▶ _DATA SHOWN_:
════

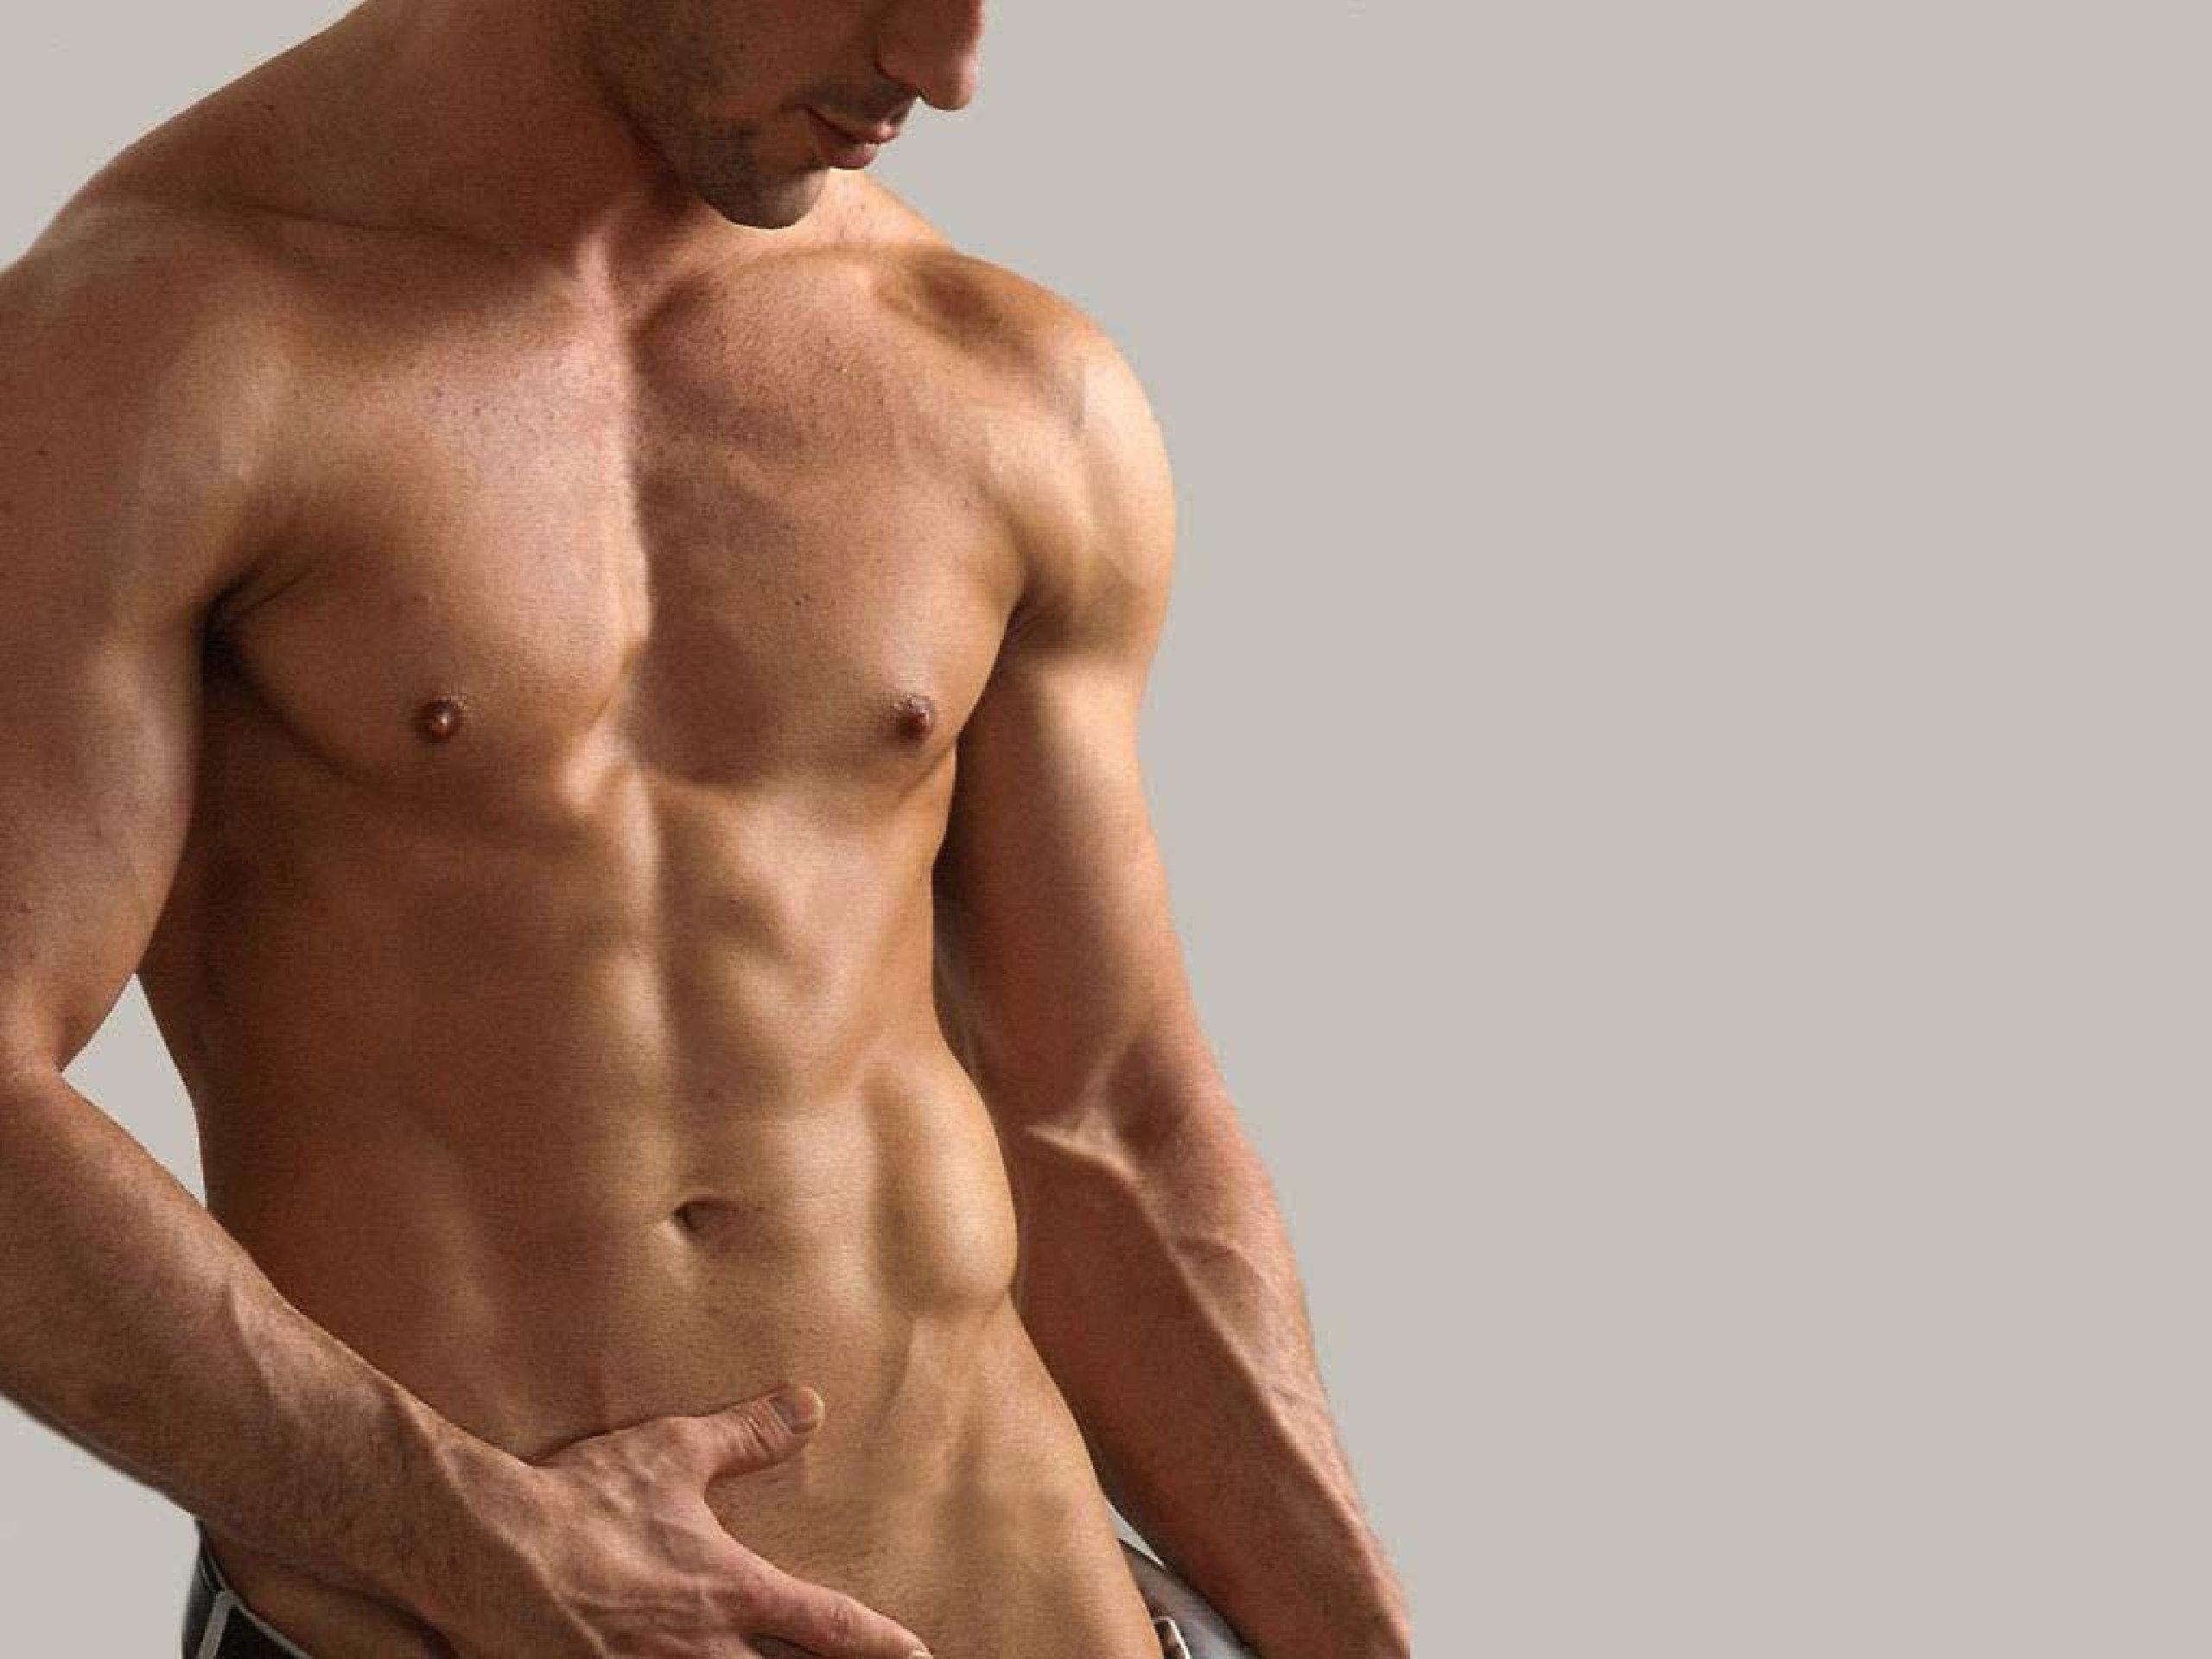 Фото красивого полового органа мужчины 17 фотография
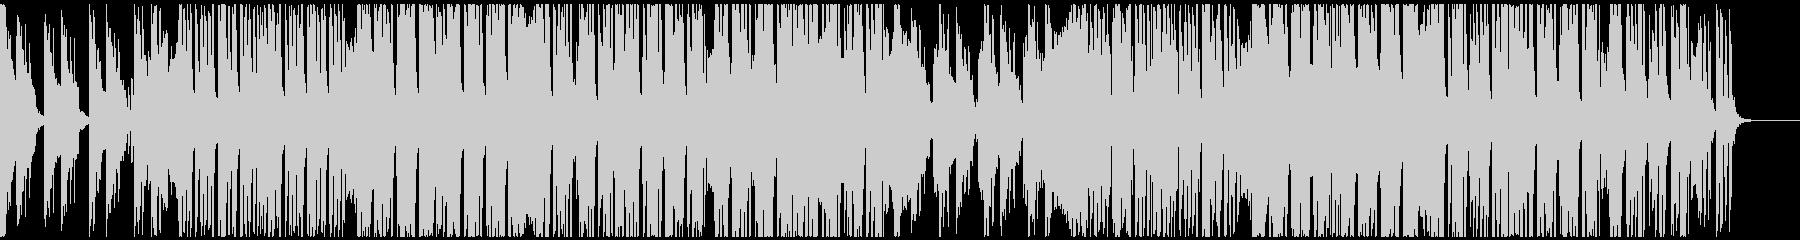 軽快で伸びのあるシンセのオシャレなEDMの未再生の波形
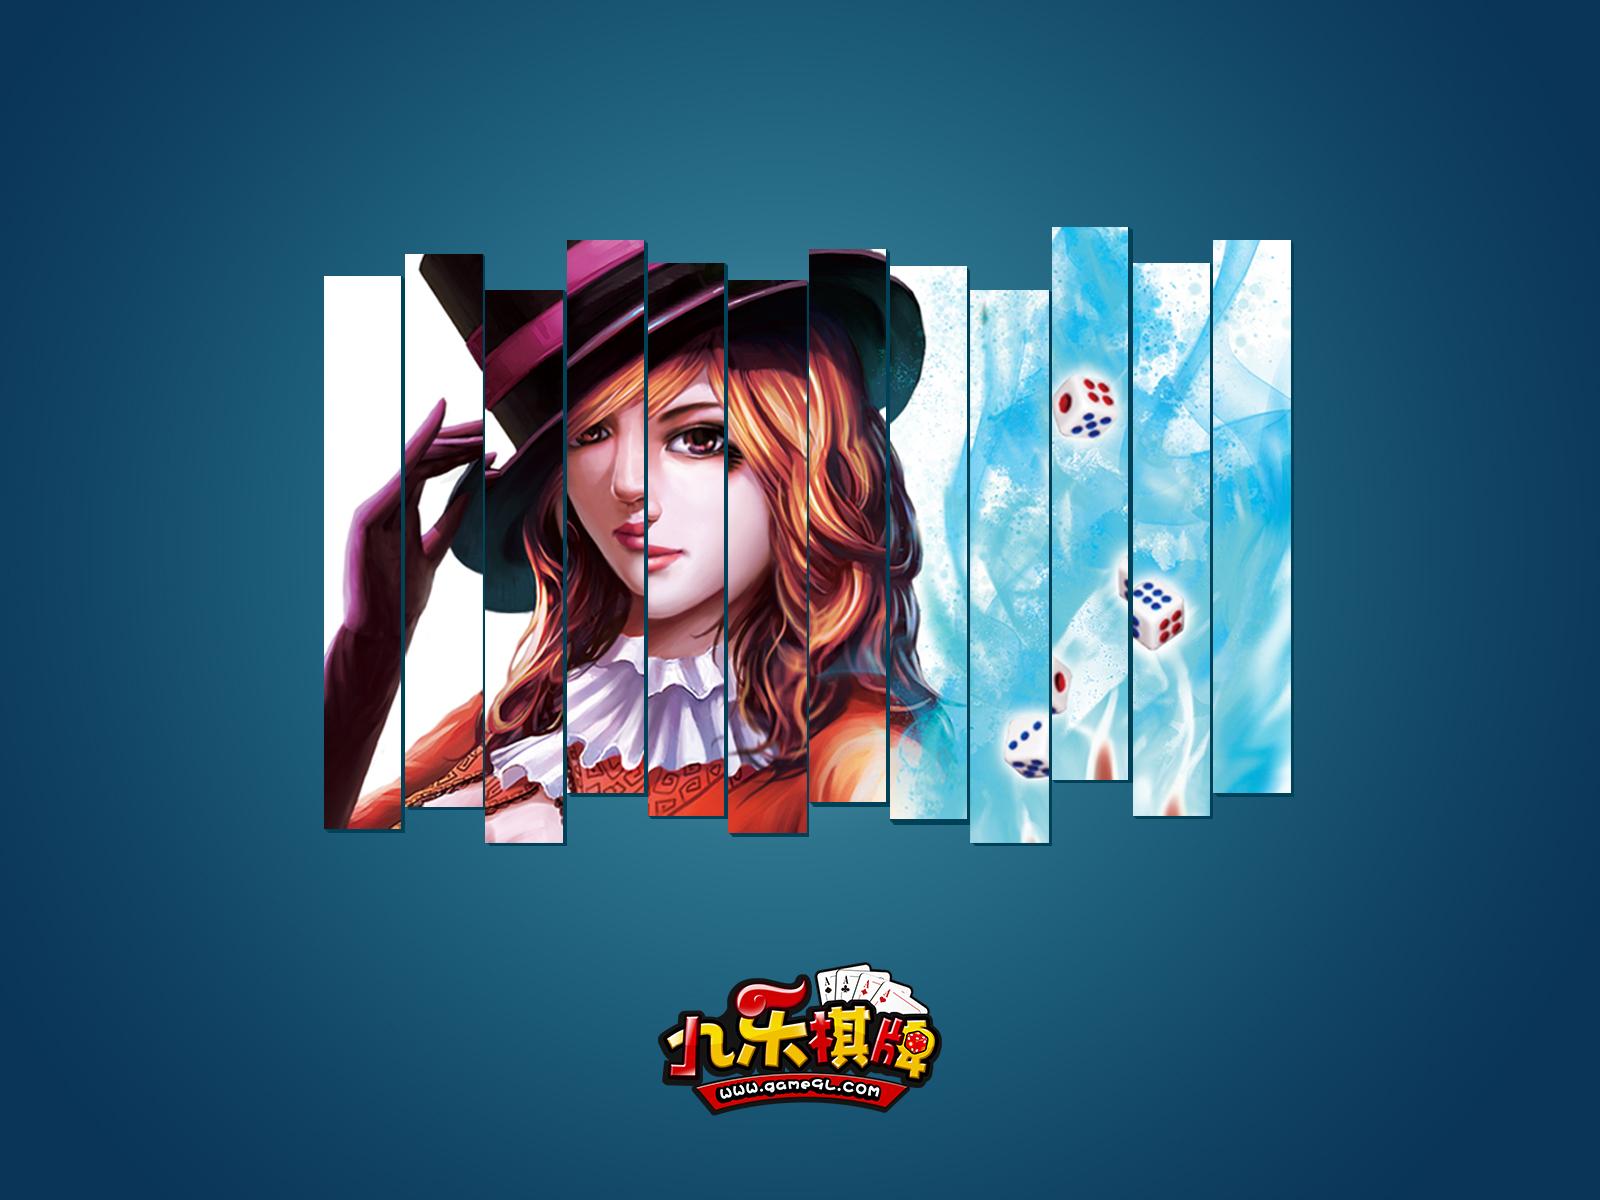 九乐棋牌 - 游戏图片 | 图片下载 | 游戏壁纸 - 电驴
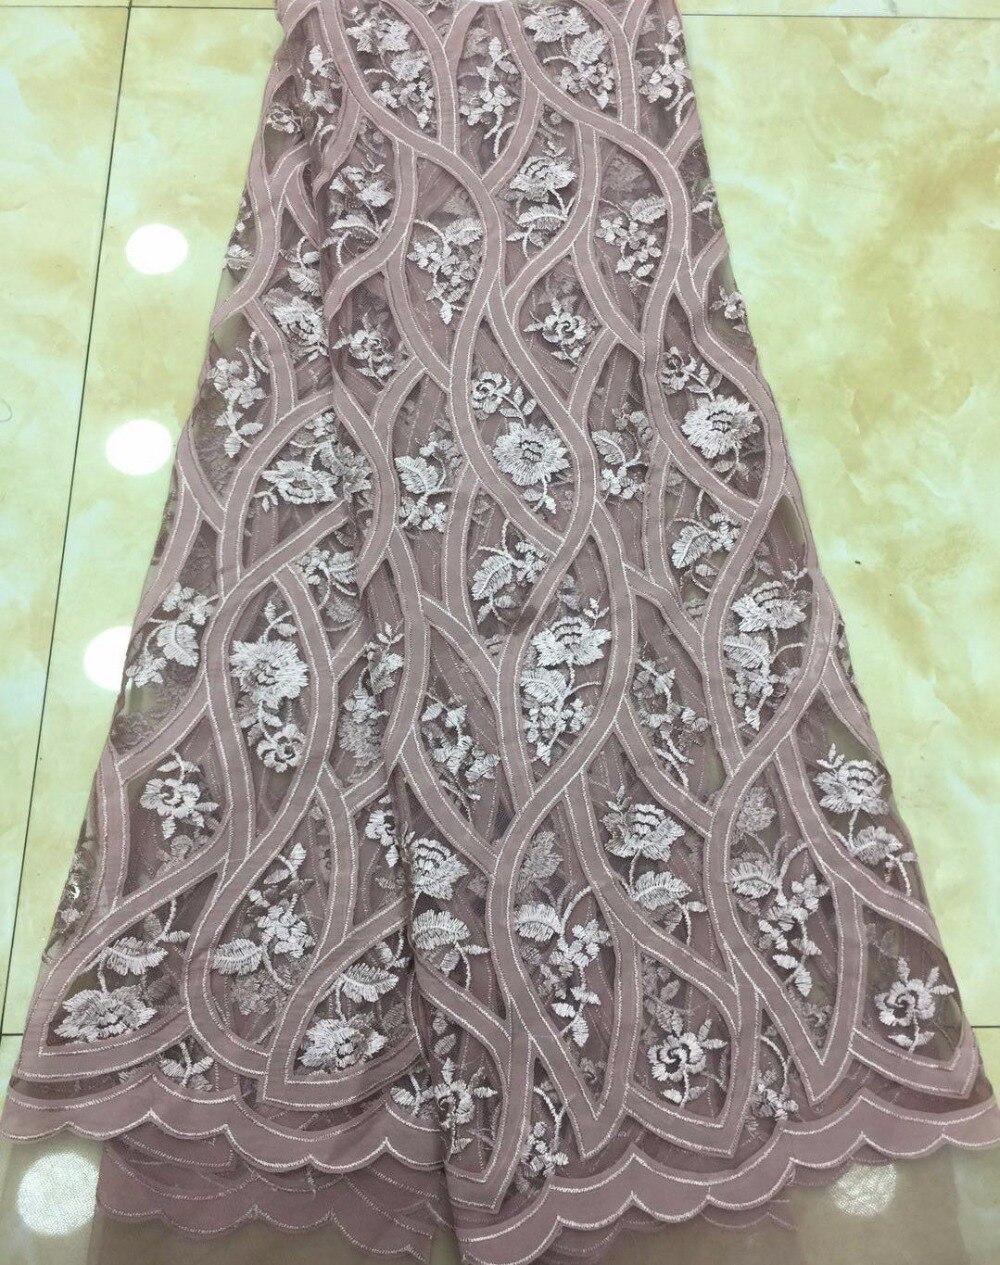 Encaje de tul africano de alta calidad Hojilou tela de encaje de corte africano el nuevo listado de tela de encaje de guipur africano de alta calidad TS6291

════

▶ _THE TASK_: Leave the pictures out and output the rest of the listing exactly.

▶ _TASK ANSWER_:
 Фото красивого полового органа мужчины 17 фотография
 軽快で伸びのあるシンセのオシャレなEDMの未再生の波形
 九乐棋牌 - 游戏图片 | 图片下载 | 游戏壁纸 - 电驴
 Encaje de tul africano de alta calidad Hojilou tela de encaje de corte africano el nuevo listado de tela de encaje de guipur africano de alta calidad TS6291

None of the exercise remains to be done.